Surah Az-Zumar, yang berarti "Golongan-golongan," adalah salah satu surah Makkiyah yang kaya akan pesan tauhid, hari akhir, dan motivasi untuk kembali kepada Allah SWT. Di tengah ayat-ayat yang membahas tentang pemisahan manusia menjadi golongan-golongan (yang bertakwa dan yang durhaka), terdapat ayat ke-33 yang memiliki bobot spiritual dan penegasan hukum yang luar biasa, yaitu Azzumar Ayat 33.
Ayat ini secara spesifik menyoroti bagaimana Allah membalas amal perbuatan manusia, baik dari sisi kebaikan maupun keburukan, dengan keadilan yang sempurna. Ayat ini berfungsi sebagai pengingat tegas bahwa tidak ada satu pun perbuatan, sekecil apapun, yang luput dari pencatatan dan perhitungan.
وَمَنْ أَظْلَمُ مِمَّنِ افْتَرَى عَلَى اللَّهِ كَذِبًا أَوْ كَذَّبَ بِالْحَقِّ لَمَّا جَاءَهُ أَلَيْسَ فِي جَهَنَّمَ مَثْوًى لِلْكَافِرِينَ
"Dan siapakah yang lebih zalim daripada orang yang mengada-adakan dusta terhadap Allah atau mendustakan kebenaran ketika (kebenaran itu) datang kepadanya? Bukankah di dalam Jahannam itu tempat bagi orang-orang yang kafir?"

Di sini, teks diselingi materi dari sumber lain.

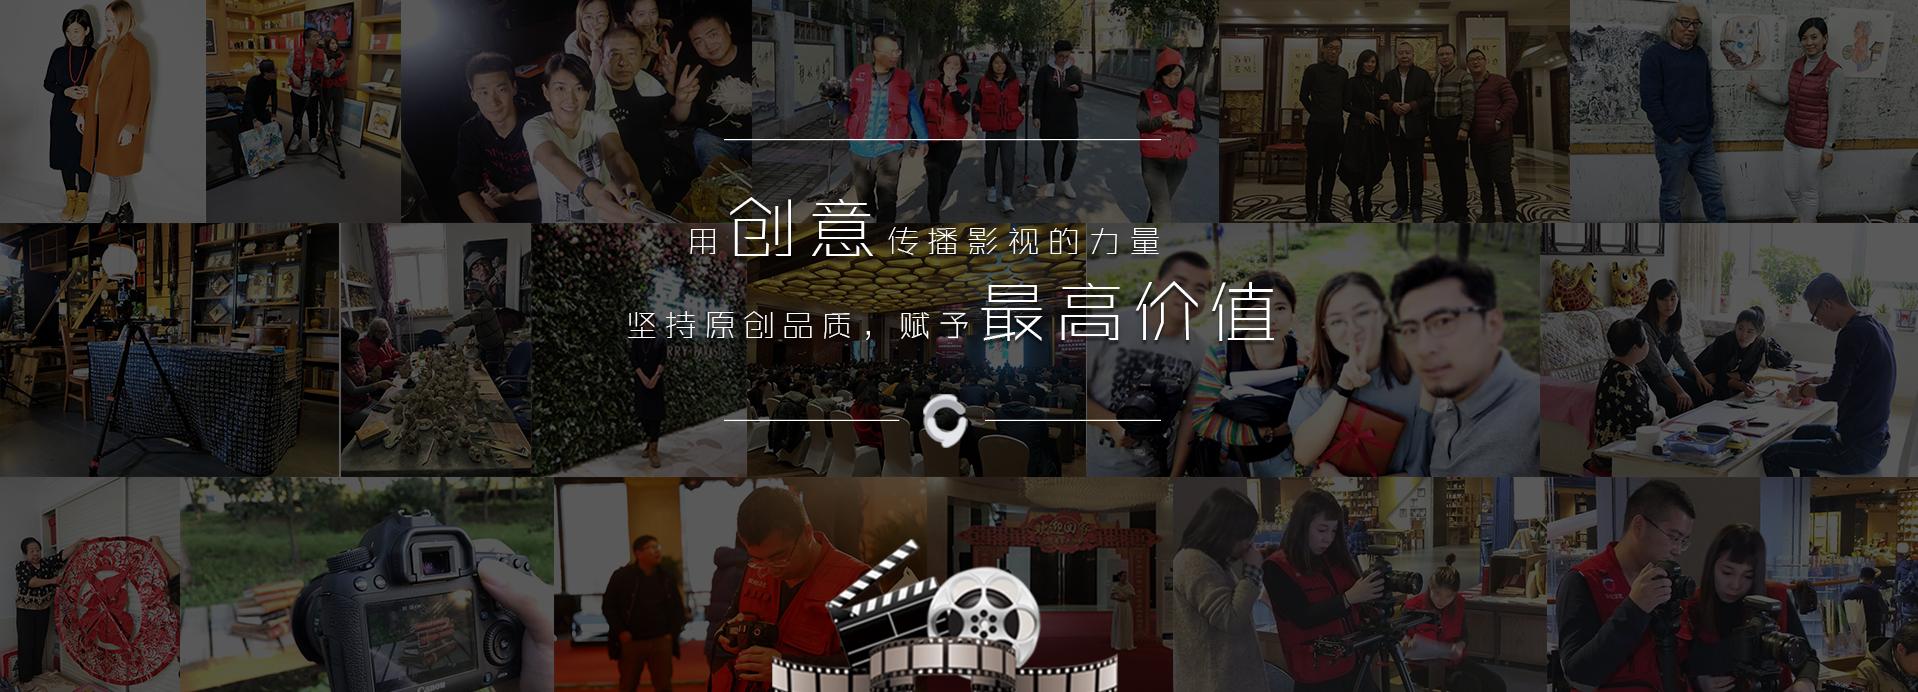 沈阳企业宣传片

Fokus utama dari Azzumar ayat 33 adalah pertanyaan retoris yang menyentak: "Siapakah yang lebih zalim?". Dalam konteks ayat sebelumnya (Ayat 32), Allah memuji mereka yang jujur dan taat, serta menjanjikan pahala bagi mereka yang berbuat baik. Namun, ayat 33 membalikkan fokus kepada mereka yang memilih jalan sebaliknya.
Kezaliman tertinggi didefinisikan di sini dalam dua bentuk utama. Pertama, mengada-adakan dusta atas nama Allah (syirik atau membuat syariat palsu). Ini adalah bentuk penyesatan terbesar karena merusak fondasi hubungan manusia dengan Sang Pencipta. Kedua, dan yang sangat relevan dalam konteks dakwah kenabian, adalah mendustakan kebenaran (Al-Haqq) ketika ia telah disajikan dengan jelas.
Mendustakan kebenaran, meskipun itu datang langsung dari sumber yang otentik (wahyu), menunjukkan kesombongan hati dan penolakan total terhadap petunjuk Ilahi. Ini adalah tindakan yang melampaui batas kezaliman, sebab pelakunya menolak keselamatan yang sudah terbentang di depan mata.
Setelah mendefinisikan puncak kezaliman tersebut, ayat ini ditutup dengan penegasan yang keras: "Bukankah di dalam Jahannam itu tempat bagi orang-orang yang kafir?" Ini bukan sekadar ancaman, melainkan kepastian hukum ilahi bagi mereka yang secara sadar memilih untuk menolak petunjuk. Kata "kafir" di sini merujuk pada penutup hati dan pendustaan yang konsisten terhadap ajaran Allah.
Memahami Azzumar 33 memberikan perspektif penting tentang prioritas dalam kehidupan. Jika menolak kebenaran adalah perbuatan yang paling zalim, maka menerima dan membenarkan kebenaran (tauhid) adalah bentuk keadilan tertinggi yang dapat dilakukan oleh seorang hamba kepada Tuhannya.
Di era informasi saat ini, di mana berbagai ideologi dan klaim kebenaran saling bersaing, ayat ini menjadi filter spiritual yang sangat kuat. Godaan untuk "mengarang cerita" atas nama agama, atau dengan mudah menolak fakta-fakta syariat yang sudah mapan demi mengikuti tren sesaat, adalah manifestasi modern dari kezaliman yang dikutuk dalam ayat ini.
Setiap Muslim diingatkan untuk senantiasa meneliti sumber kebenaran mereka. Ketika Al-Qur'an dan Sunnah yang shahih disajikan, tidak ada ruang untuk menunda atau mendustakannya. Sikap yang benar adalah tunduk dan membenarkan, sebagaimana yang ditunjukkan oleh golongan yang berhak mendapatkan surga dalam ayat-ayat sebelumnya.
Dengan demikian, Azzumar ayat 33 berfungsi sebagai batas pemisah yang tegas, memotivasi umat Islam untuk bersikap jujur dalam beriman, menjauhi kedustaan, dan menjadikan penerimaan terhadap kebenaran sebagai pondasi utama perjalanan spiritual mereka menuju keridhaan Allah SWT.